▶ **Problem statement**
Only one span of the listing below should come back. It runs from the line with "A Study of Analgesic" through the line with "WNBA: Short-handed Los", and each of its lines must be reproduced exactly.

▶ **Given information**
%%

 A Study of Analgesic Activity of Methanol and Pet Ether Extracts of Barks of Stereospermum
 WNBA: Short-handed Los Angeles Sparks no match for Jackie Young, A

%%
%%

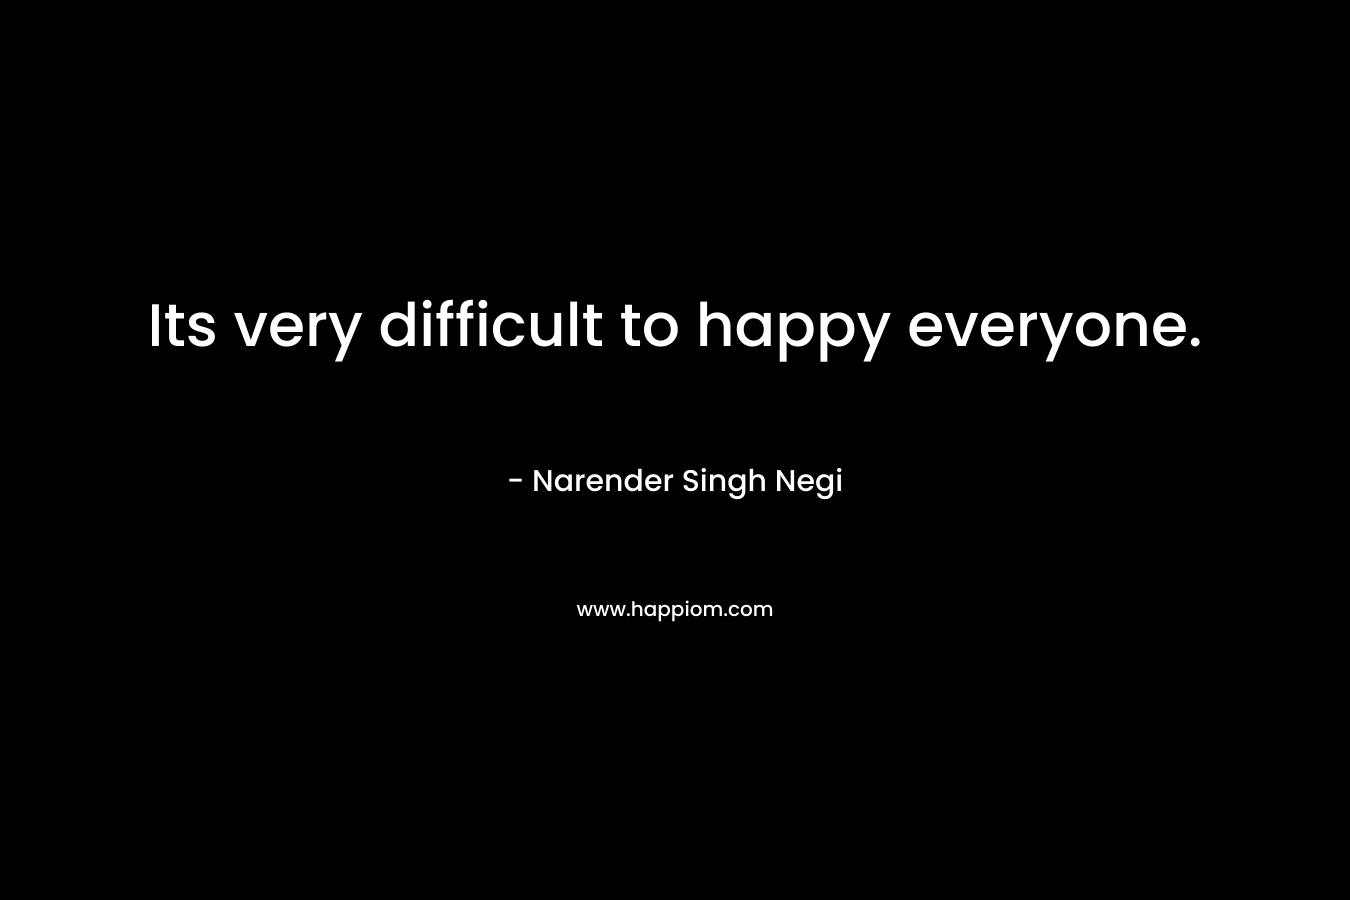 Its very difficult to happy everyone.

%%
%%

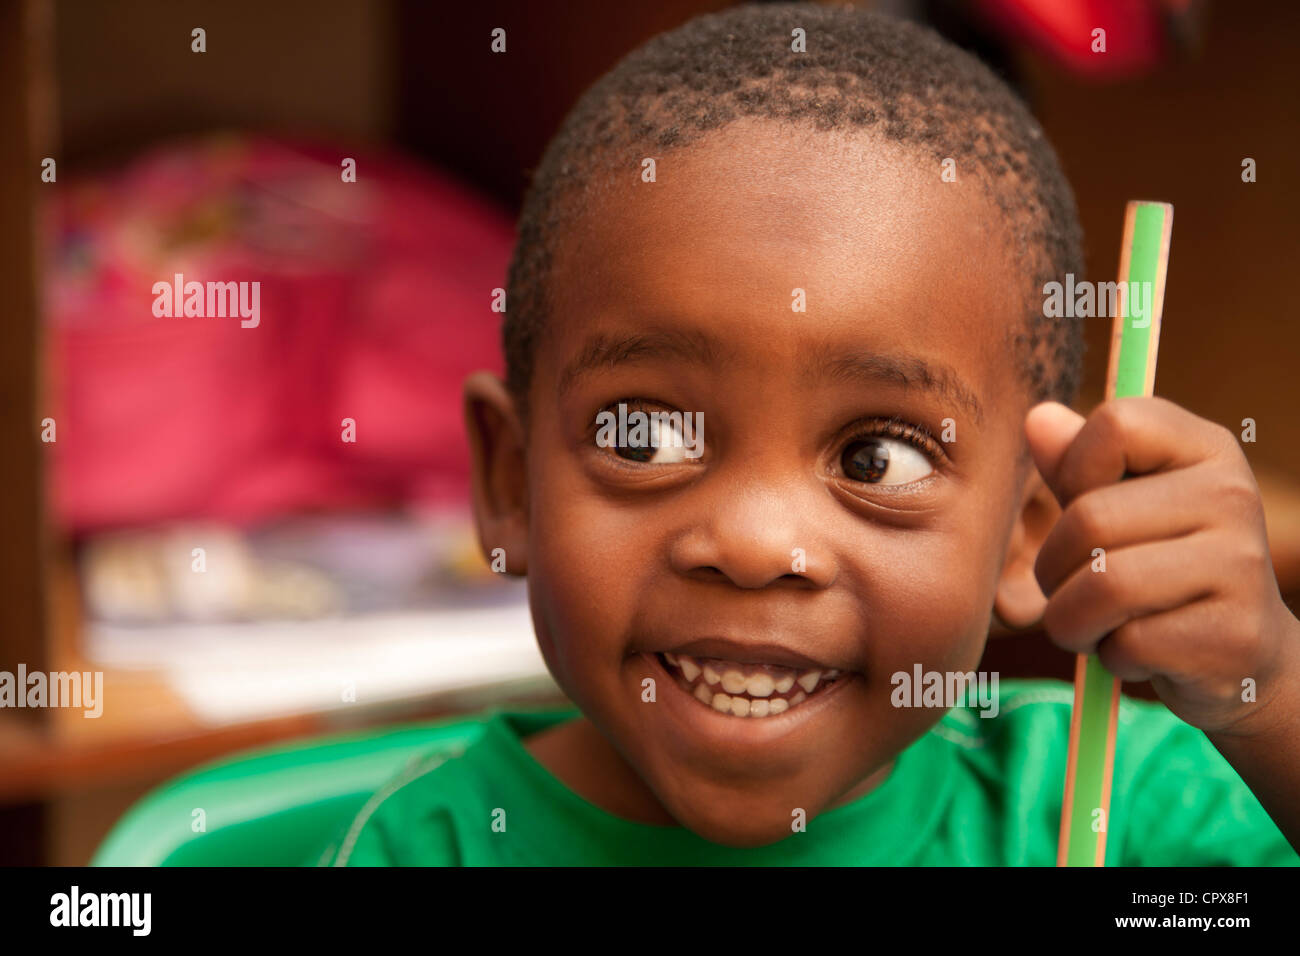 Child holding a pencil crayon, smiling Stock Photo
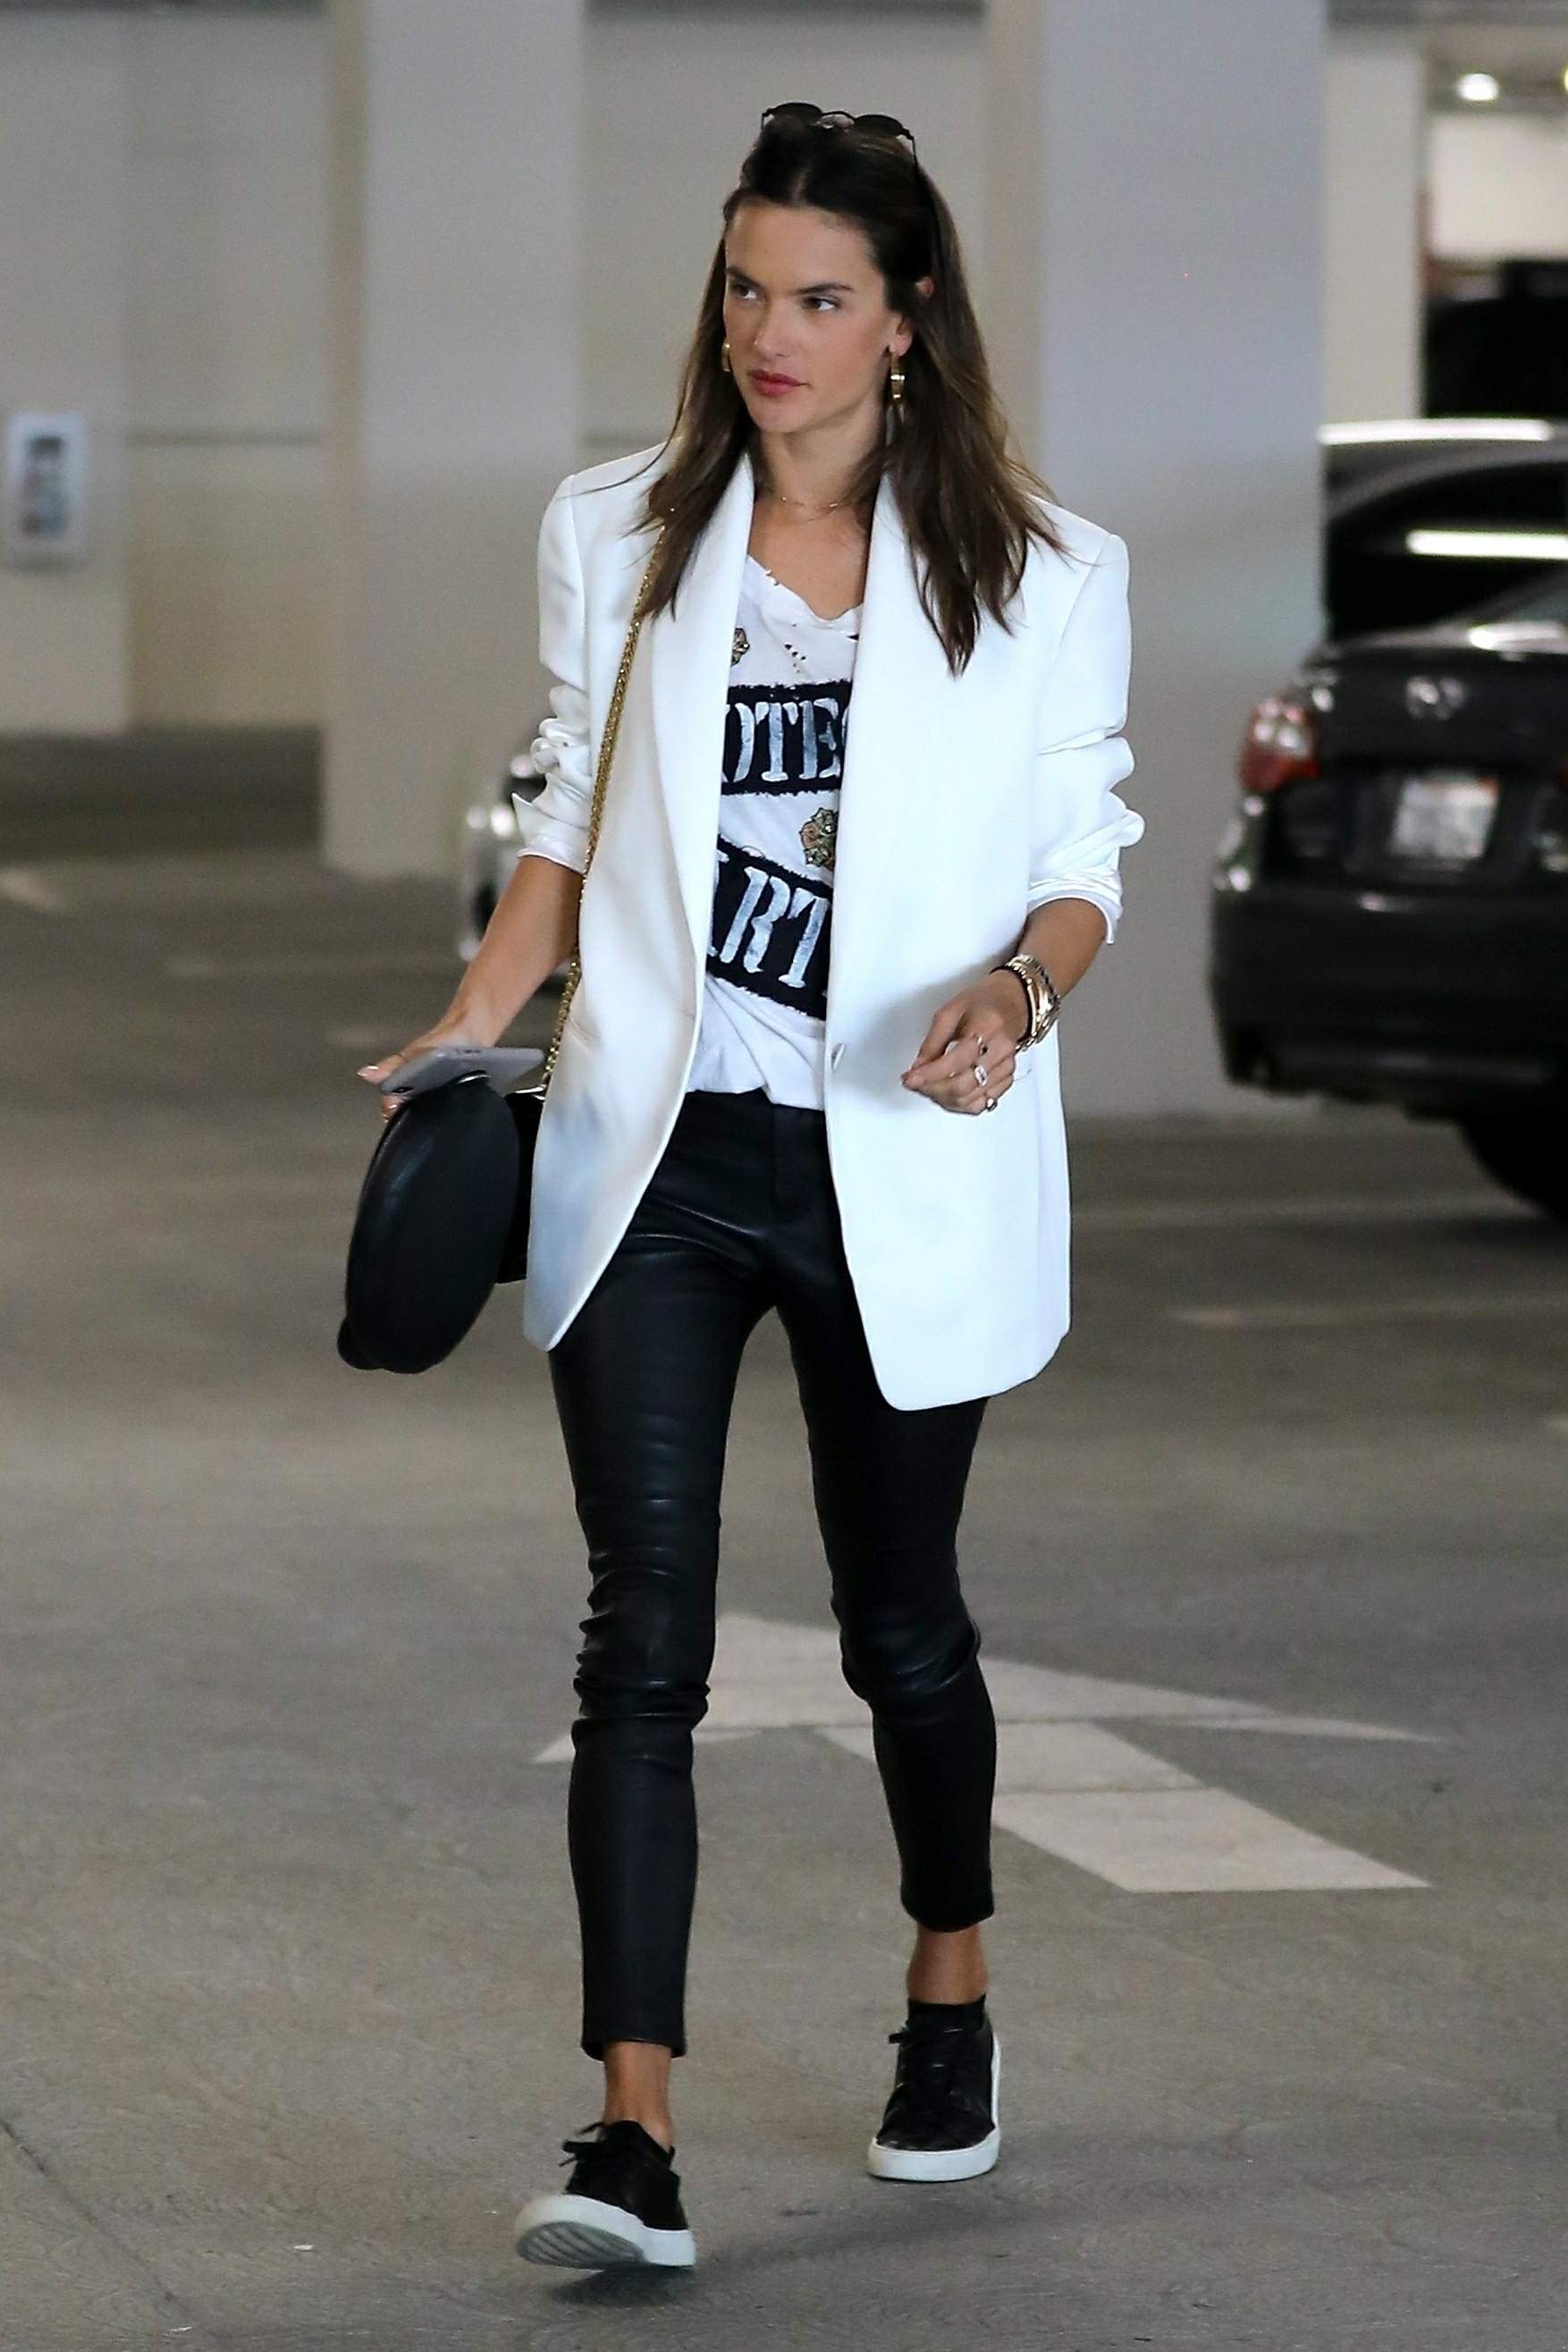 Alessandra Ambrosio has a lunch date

%%

▶ **Solution to this problem**
 A Study of Analgesic Activity of Methanol and Pet Ether Extracts of Barks of Stereospermum
 WNBA: Short-handed Los Angeles Sparks no match for Jackie Young, A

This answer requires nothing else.